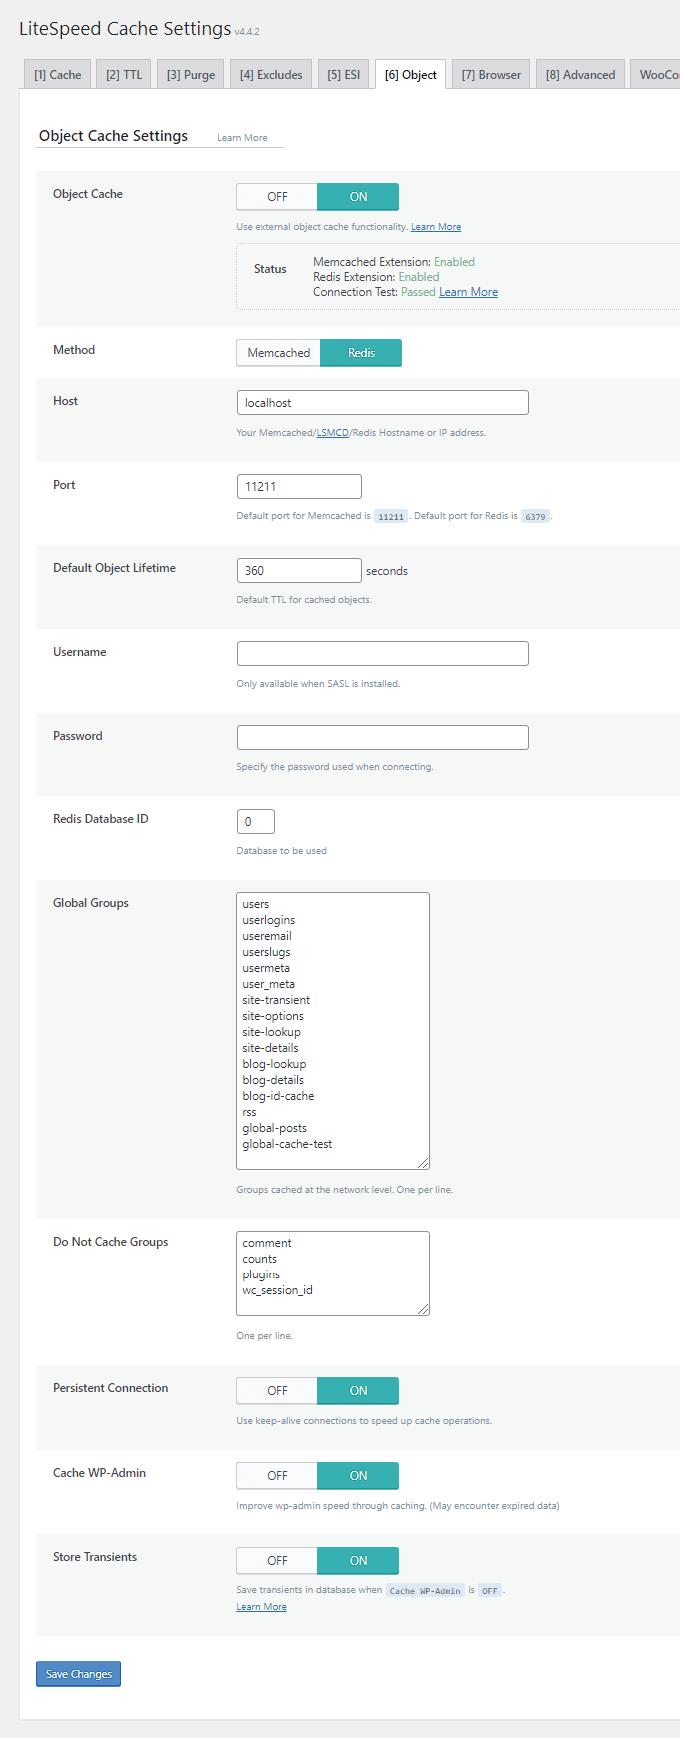 LiteSpeed Cache Object Cache Settings
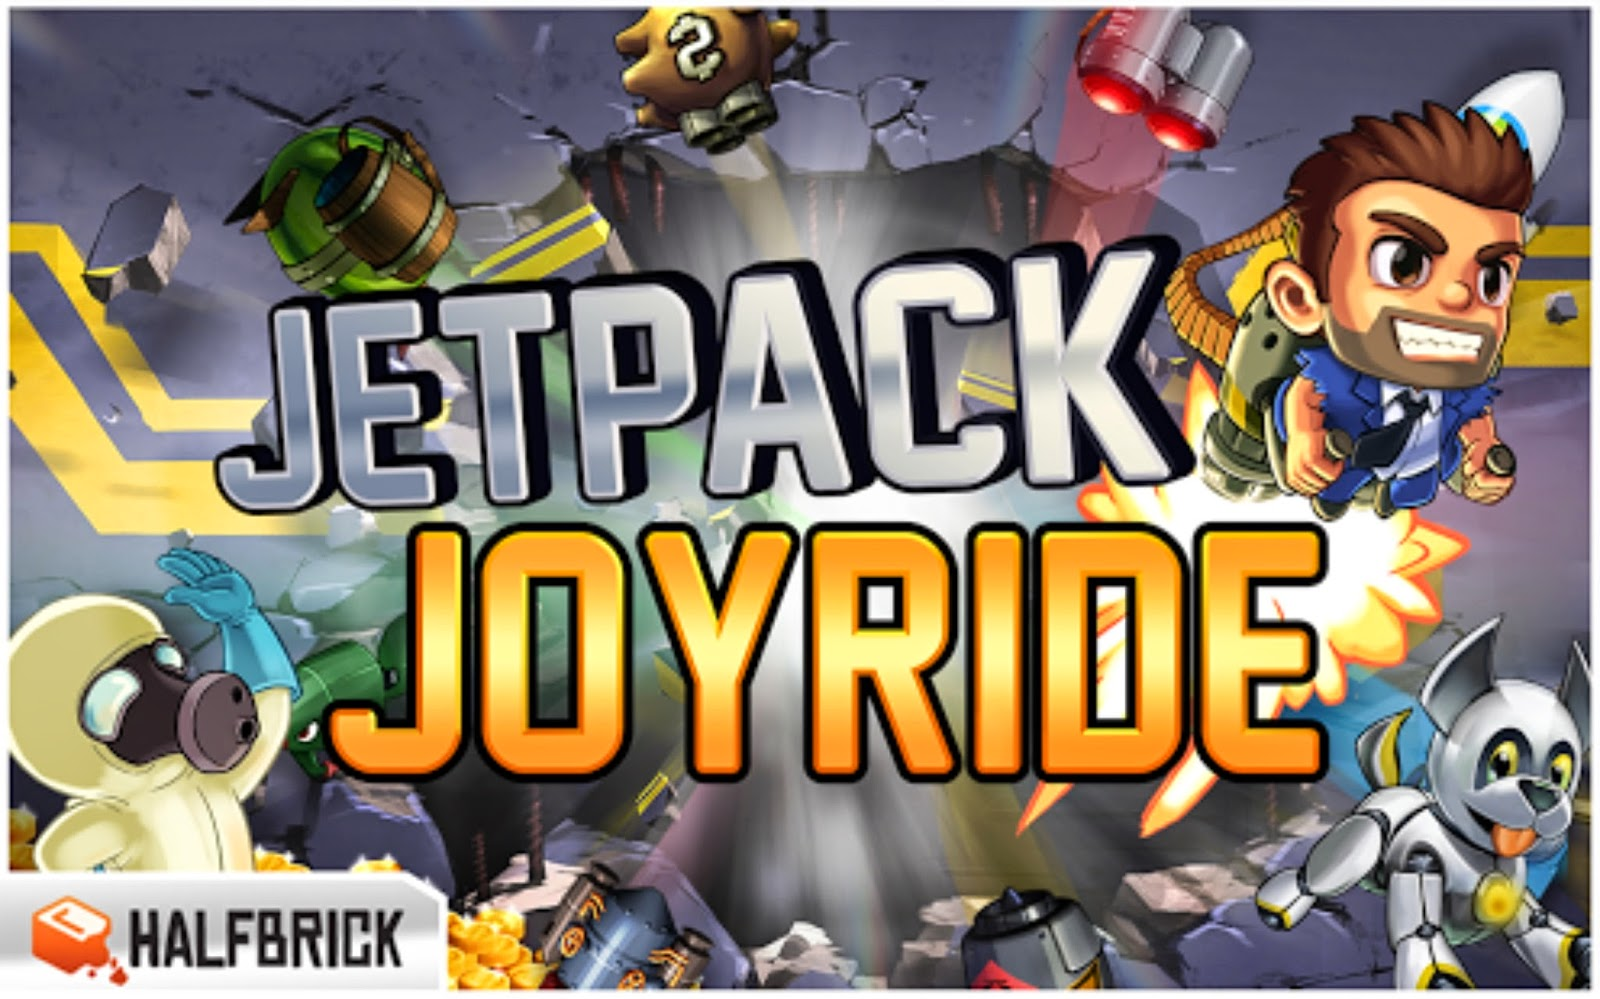 Jetpack Joyride Apk Android
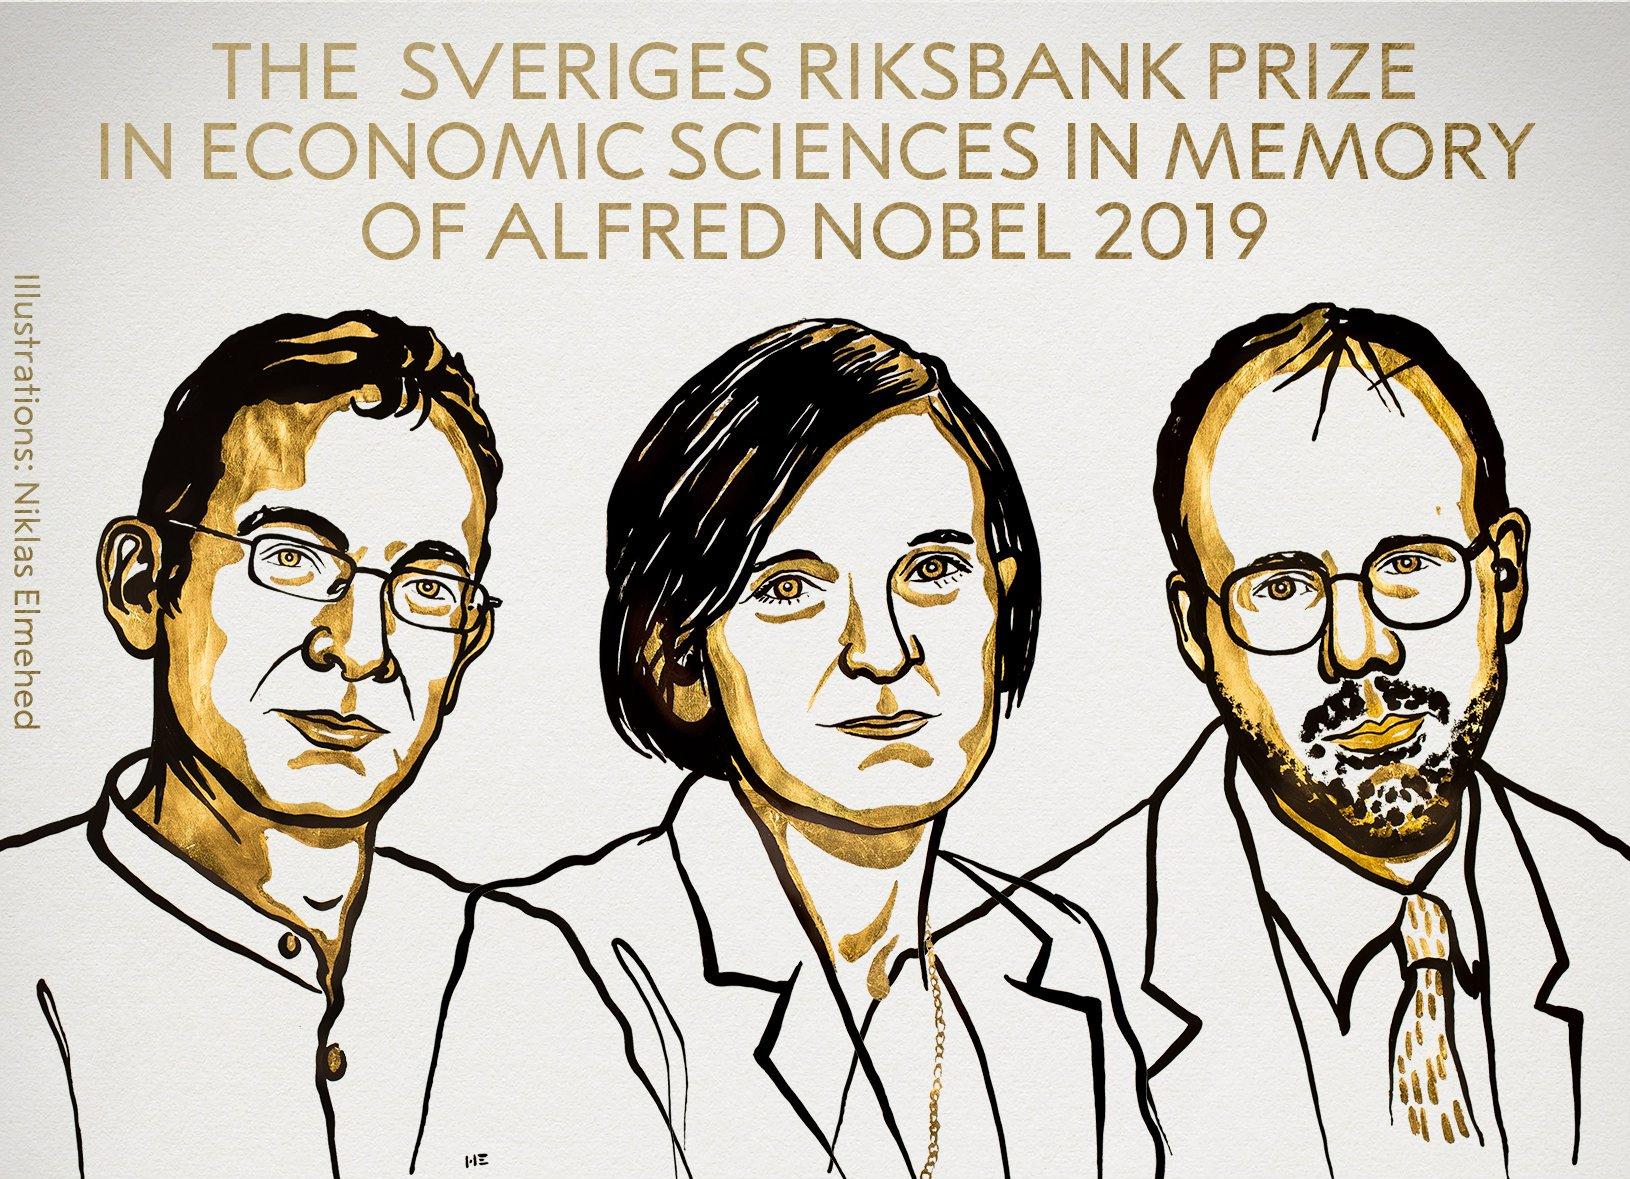 Il Nobel per l'Economia a Abhijit Banerjee, Esther Duflo e Michael Kremer
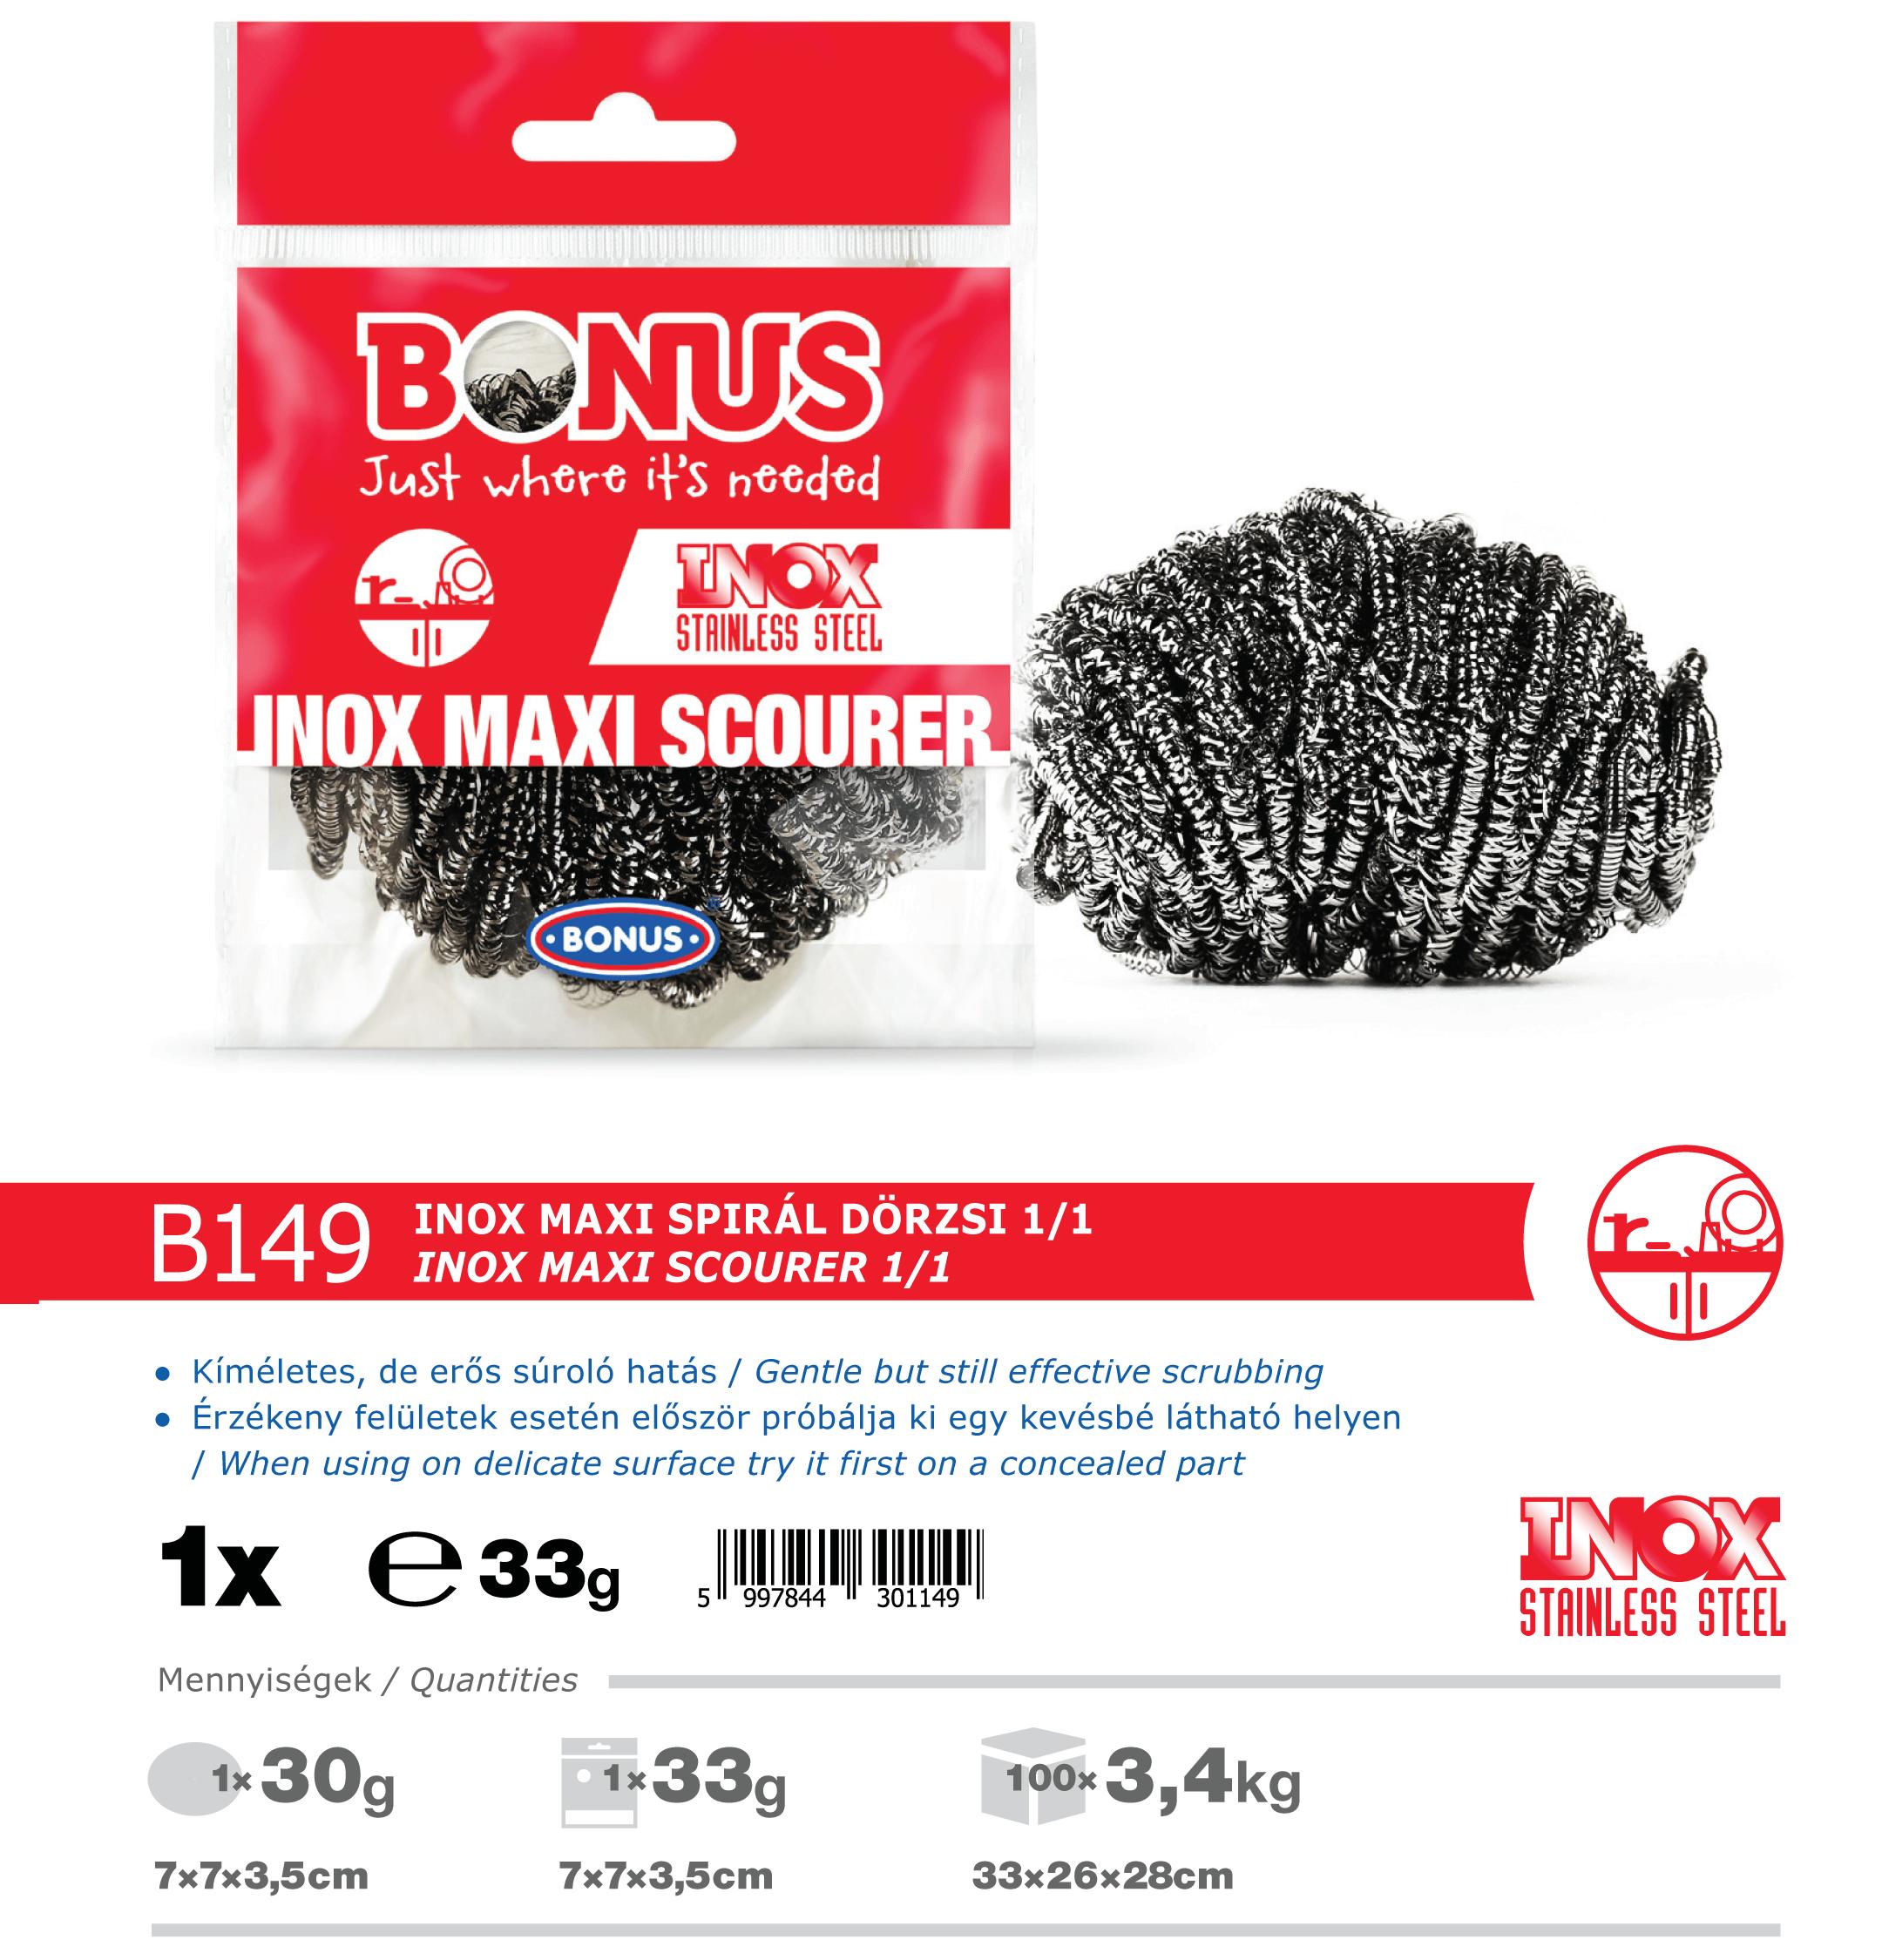 B149 Bonus INOX Maxi spirál dörzsi katalógus adatok

Exercise brief>
Every line from the one holding "Il Nobel per" through the final line of the data above is to be reproduced exactly, both ends included, with the pictures left out.

Solution to the exercise>
 Il Nobel per l'Economia a Abhijit Banerjee, Esther Duflo e Michael Kremer
 B149 Bonus INOX Maxi spirál dörzsi katalógus adatok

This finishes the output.